The Riddle of the Sands - Erskine Childers, Milton Bearden

As for the other two, the girl when I saw her next, in her short boating skirt and tam-o’-shanter, was a miracle of coolness and pluck. But for her I should never have got him away. And ah! how good it was to be out in the wholesome rain again, hurrying to the harbour with my two charges, hurrying them down the greasy ladder to that frail atom of English soil, their first guerdon of home and safety.

The Riddle of the Sands is often hailed as the original spy novel that laid the groundwork for the more famous adventures of later characters such as James Bond. Except, of course, that Childers tale of two young men going off on a sailing trip and inadvertently stopping an invasion is nothing but a boys own adventure story.

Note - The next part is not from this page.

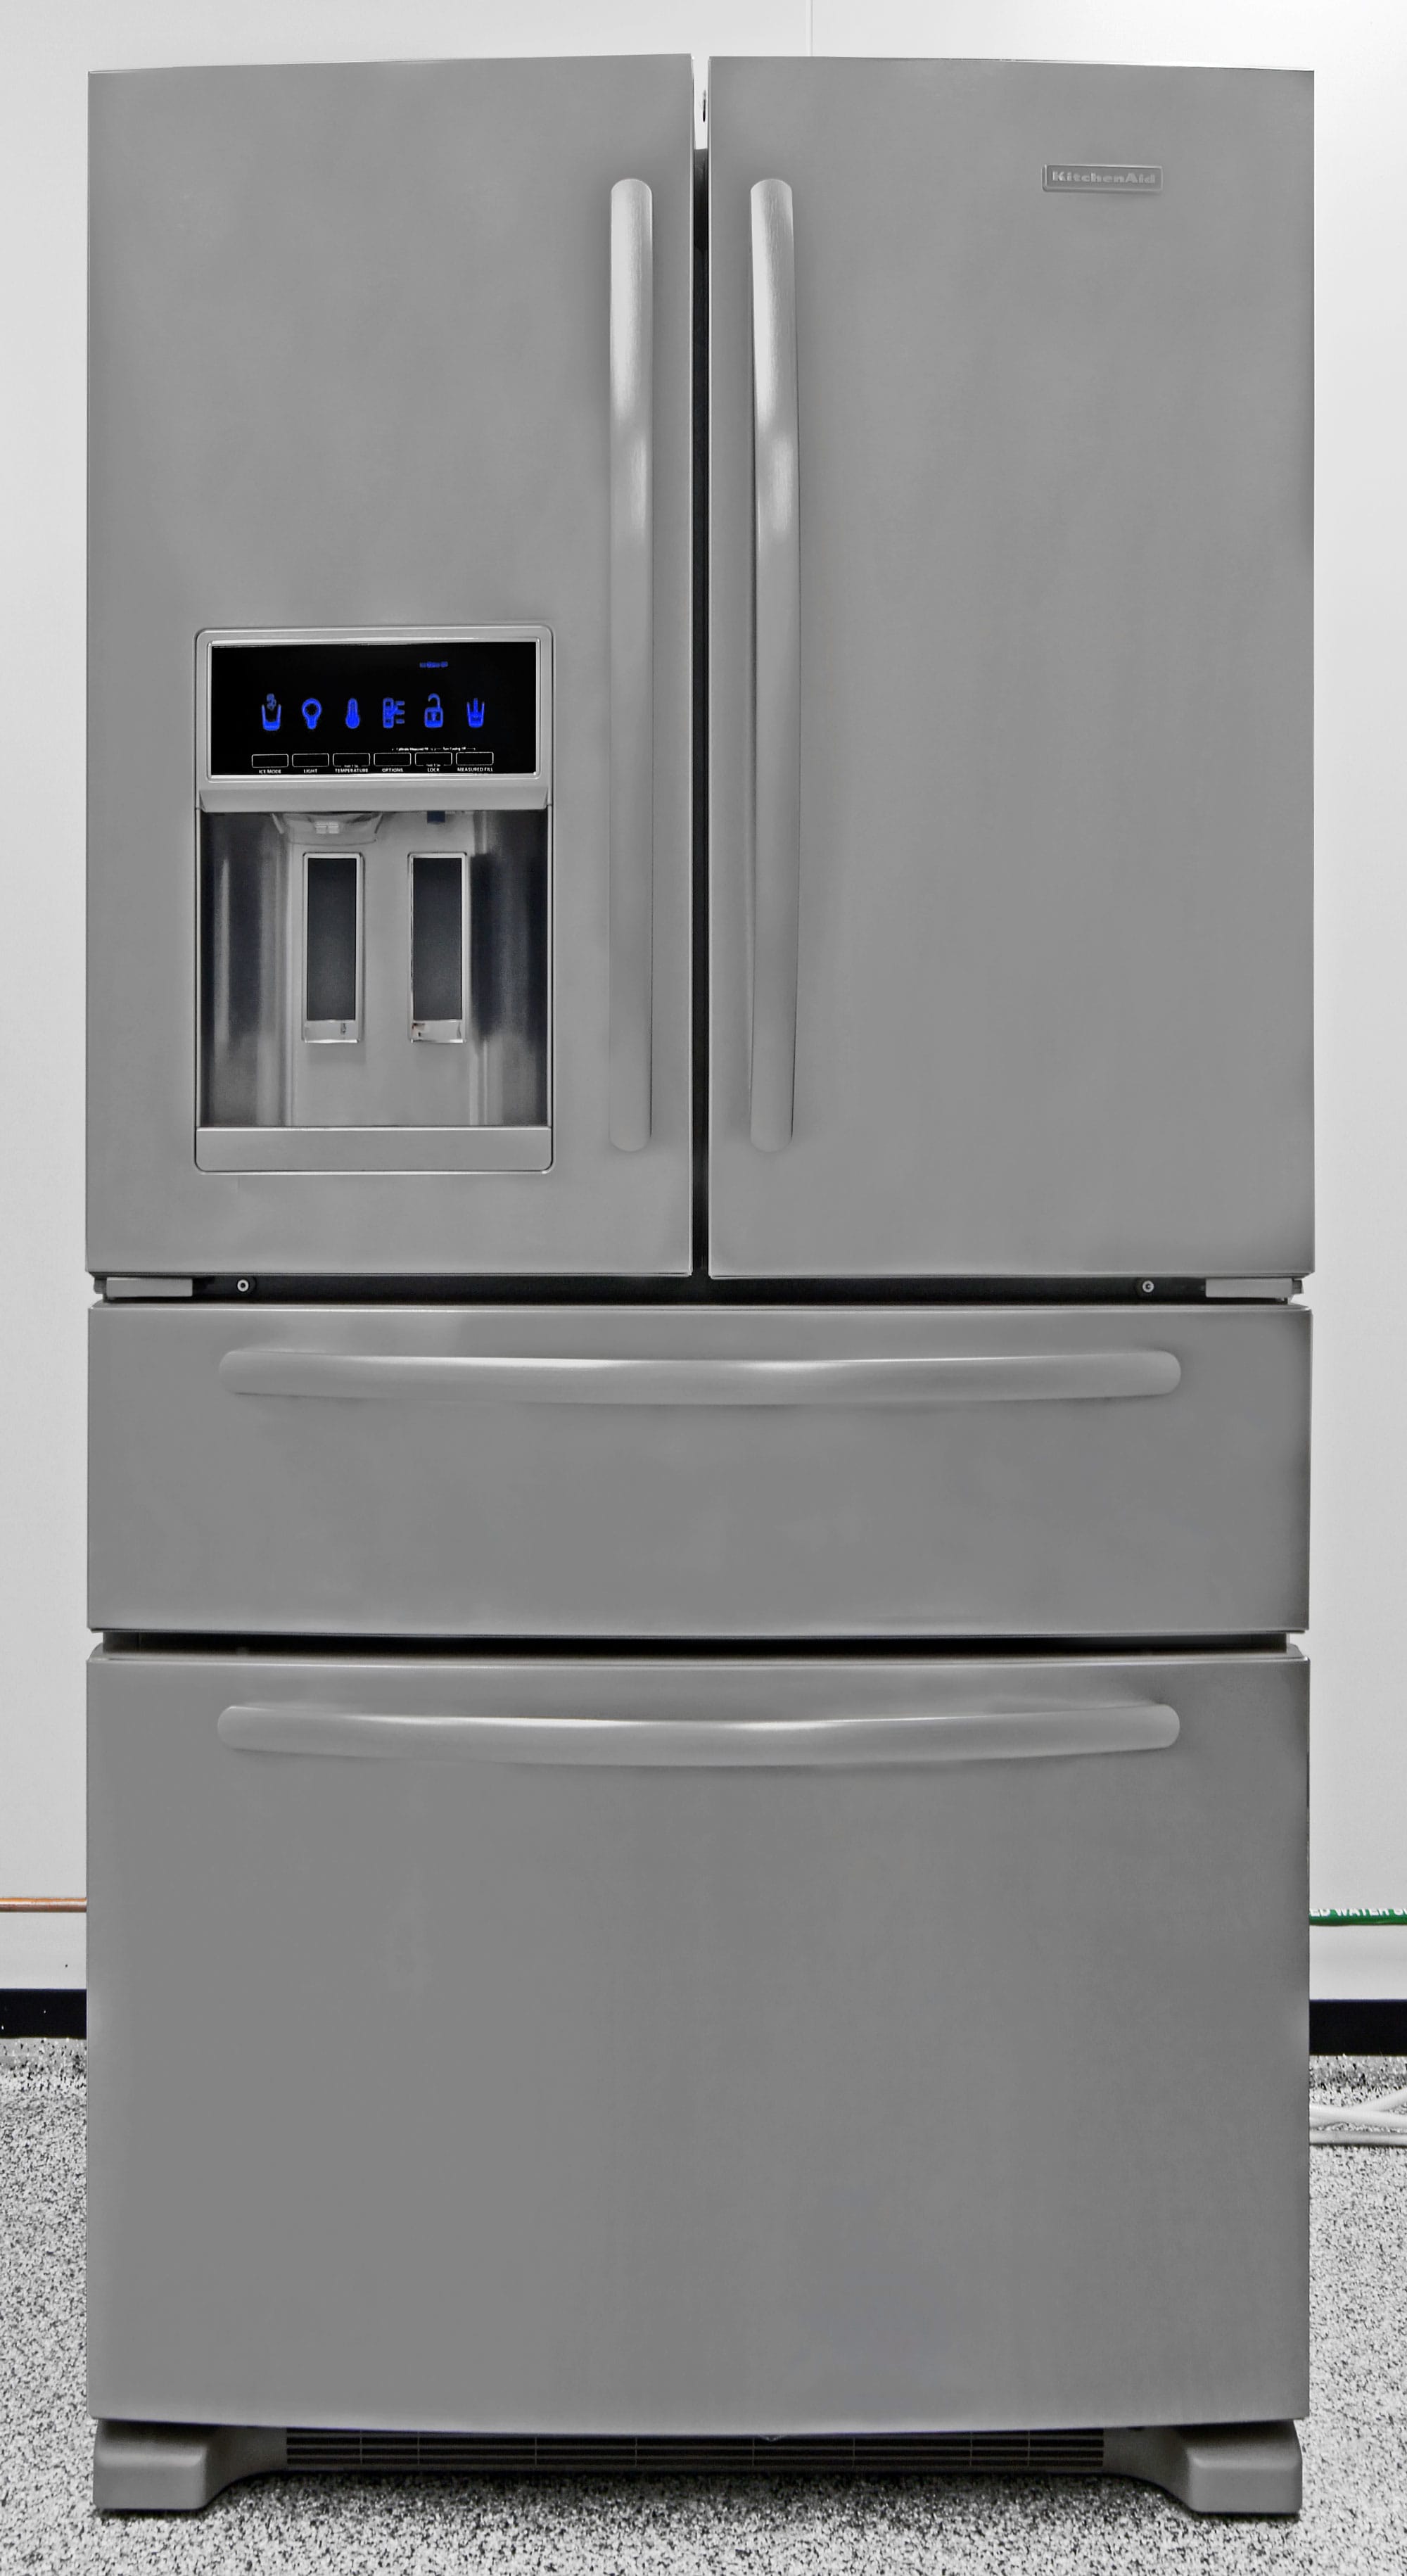 kitchenaid superba 42 refrigerator manual

Granted, most James Bond novels are adult versions of simple adventure stories, but at least Fleming added some style, some character development, social criticism, and reflections on the complexities of human nature to his stories. As many of you know, and as those long-suffering buddies who have read a Bond novel with me can attest to, I have some problems with some of the attitudes displayed in Fleming’s books. Yet, I’d prefer the worst of his writing to the Childers exploits in the spy genre. Not only lacked the story anything memorable (other than the proposed invasion), the proposed politics or assumed strategy in the book seemed quite illogical and just wrong – as would be proven during the First World War. The book is also pretty boring. Well, at least for someone who is not interested in the finer details of sailing.

The aspect that unnerved me most about the book, however, is that it’s story of a planned invasion of Britain by Germany fed into a general paranoia held by society at the time, that it took advantage of a fear of being attacked, that it glorified that naive sense of nationalism that would lead so many into the juggernaut that was WWI, and that its publication actually led to Britain building additional naval bases and increase its efforts in the arms race.

Is it not becoming patent that the time has come for training all Englishmen systematically either for the sea or for the rifle?